In Italy, a cost–benefit analysis related to the implementation of the WNV surveillance program in Emilia-Romagna Region estimated 1.21 million EUR of costs saved by avoiding tests for blood donations and up to 2.98 million EUR of costs saved by avoiding hospitalization-related infections between 2009 and 2015 [25]. In this study, Paternoster and colleagues (2017) [25] considered further costs and epidemiological elements when compared to the analysis here presented, such as the lack of transmissions by transfusions and the related costs. Moreover, an additional constraint to the comparison between the results of the two analyses is related to relevant differences in the organization of the surveillance activities in terms of personnel involved in the management of traps. In fact, while in Emilia-Romagna this activity is managed by personnel specifically recruited, in Lombardy Region, it is performed by personnel already in charge at the Veterinary Services.

5. Conclusions

An integrated surveillance system, including birds as virus reservoirs, mosquito vectors, and dead-end hosts such as horses and humans, was used to identify the location and timing of viral activity in the Lombardy Region. The information gained through surveillance was used to prevent viral transmission to the human population, as well as to anticipate the detection of WNV in blood and organ donors using NAT [39,40]. At the same time, this plan allowed for the collection of data that could improve understanding of the epidemiology of WNV infection and identify possible risk factors related to human infections.

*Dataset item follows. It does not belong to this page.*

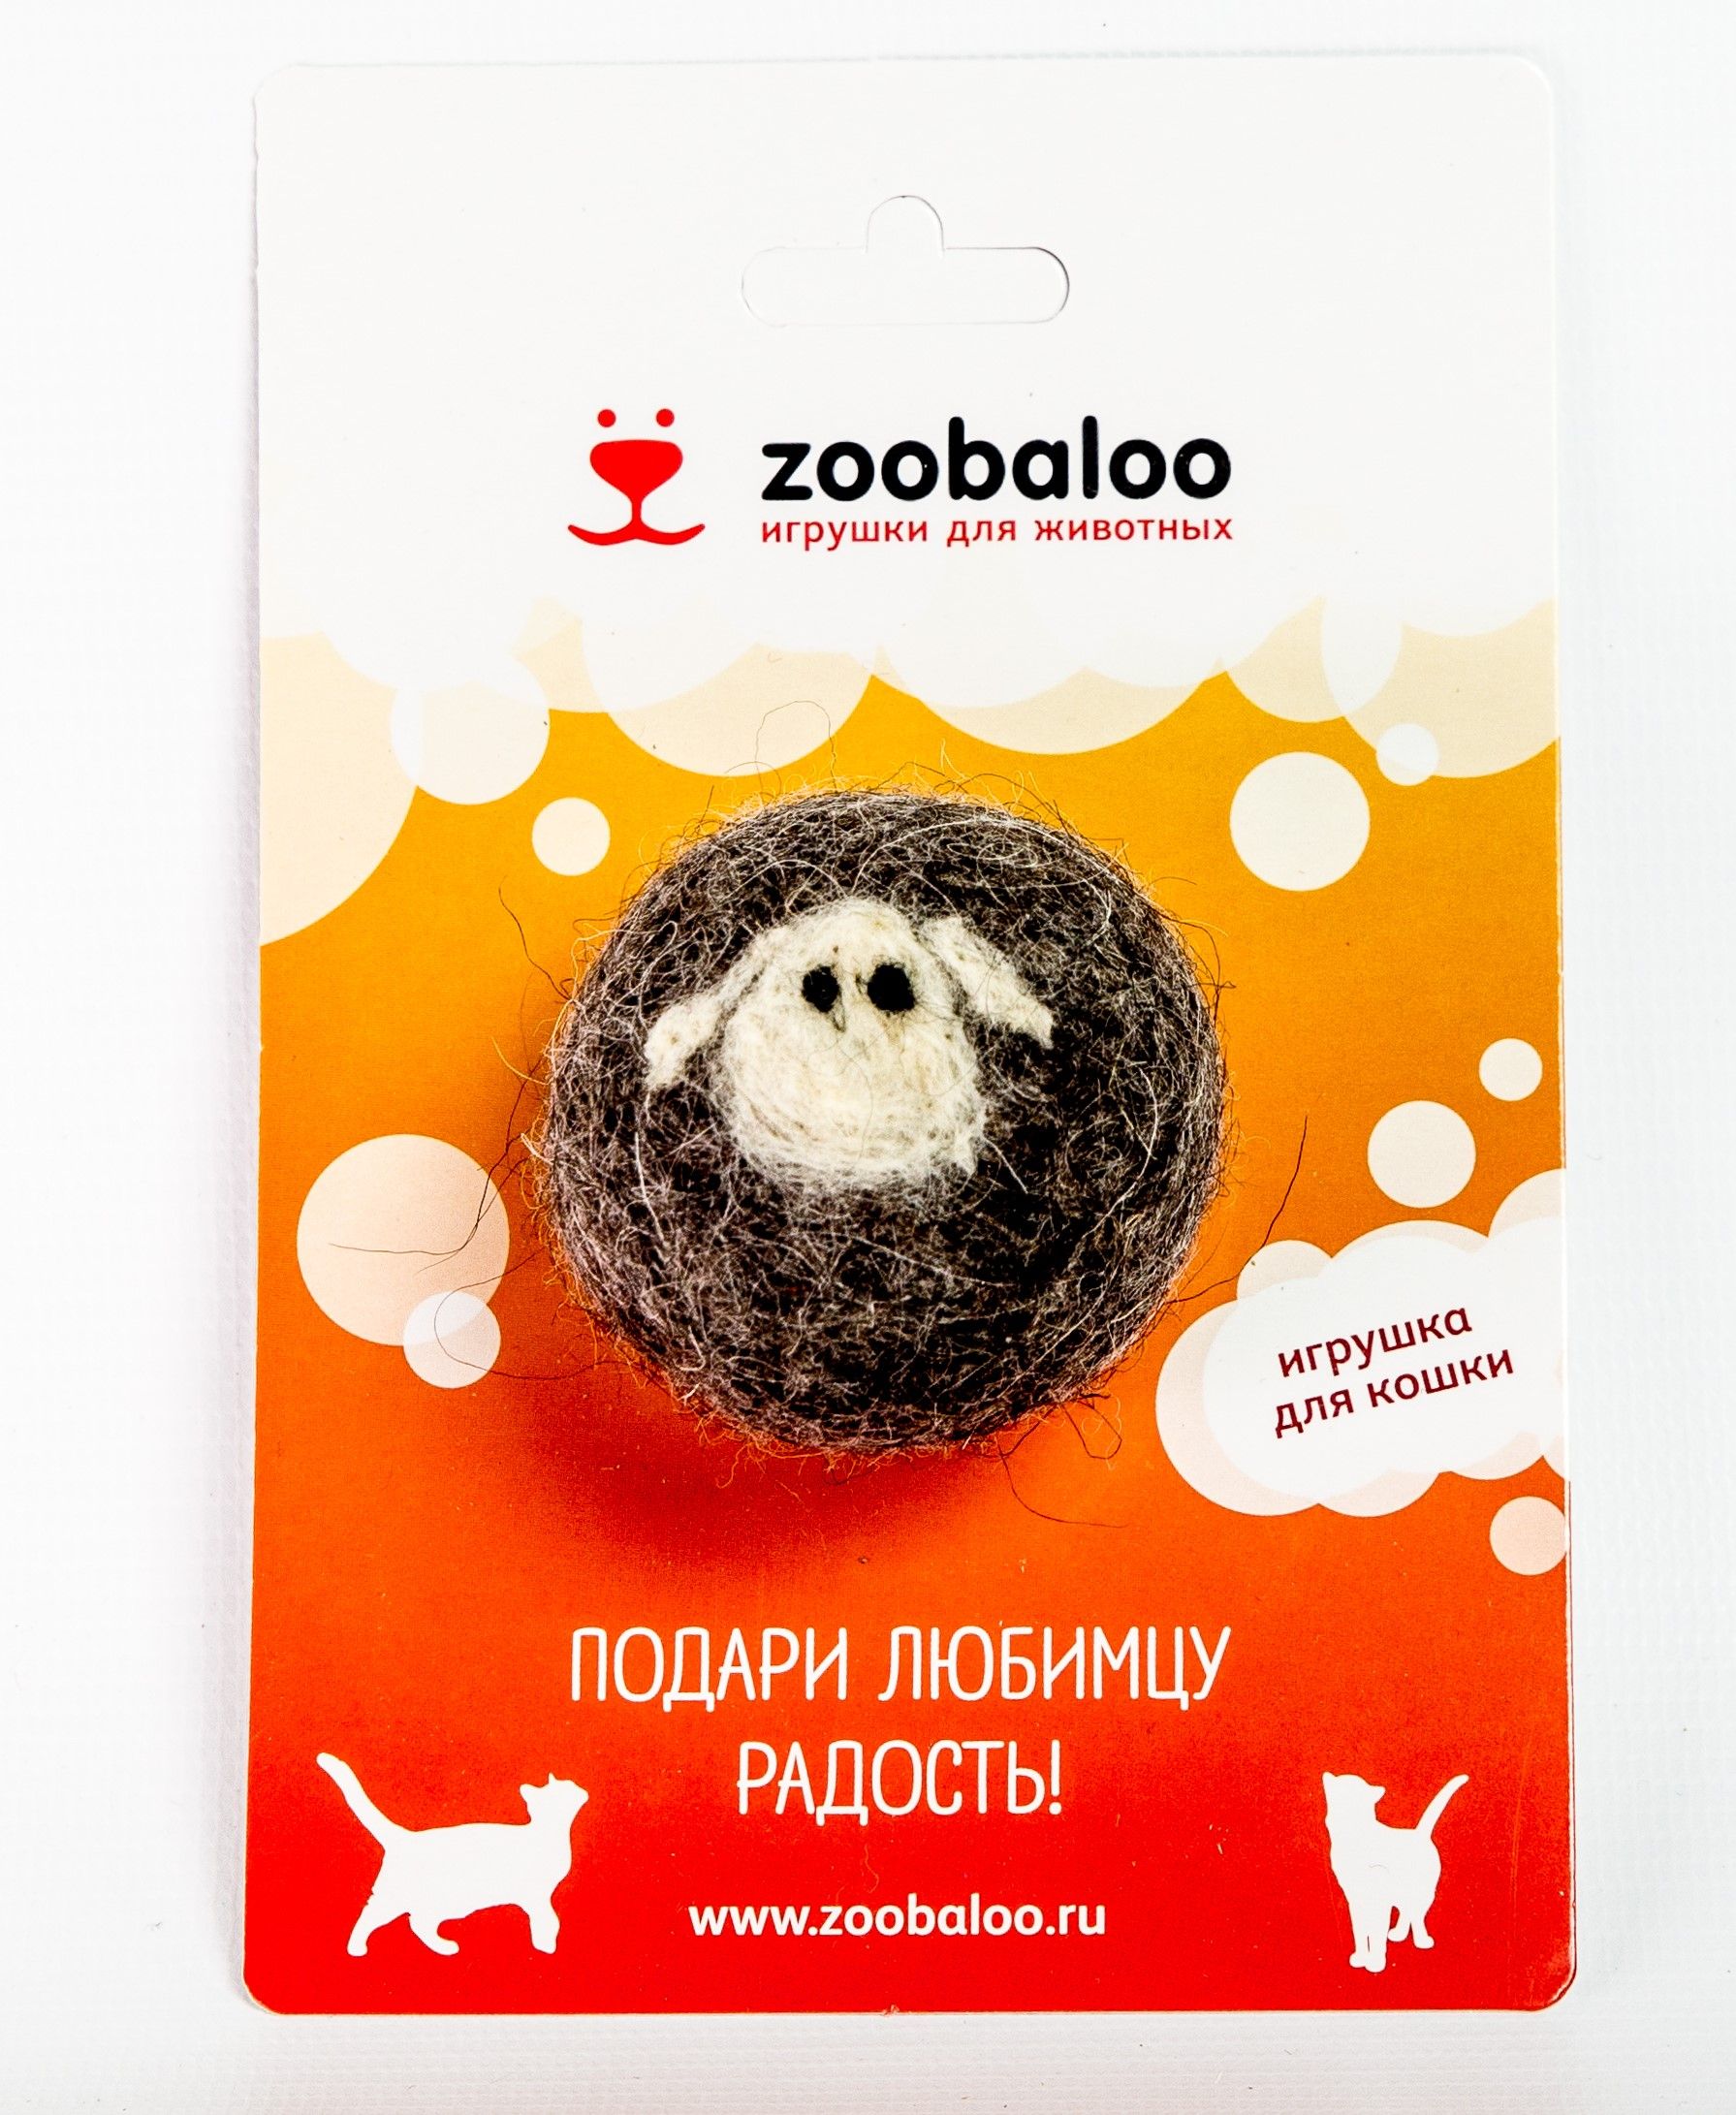    Zoobaloo 365,

The above-described surveillance program highlighted the presence of WNV in Lombardy every year in the period 2014–2018, albeit with different intensities, and it allowed the possibility to both document the expansion of the endemic area of WNV in northern Italy and guarantee an avoidance of NAT-related costs. The latter was estimated to be 7.7 million EUR in the five-year period, with mean yearly avoided costs of 1.5 million EUR.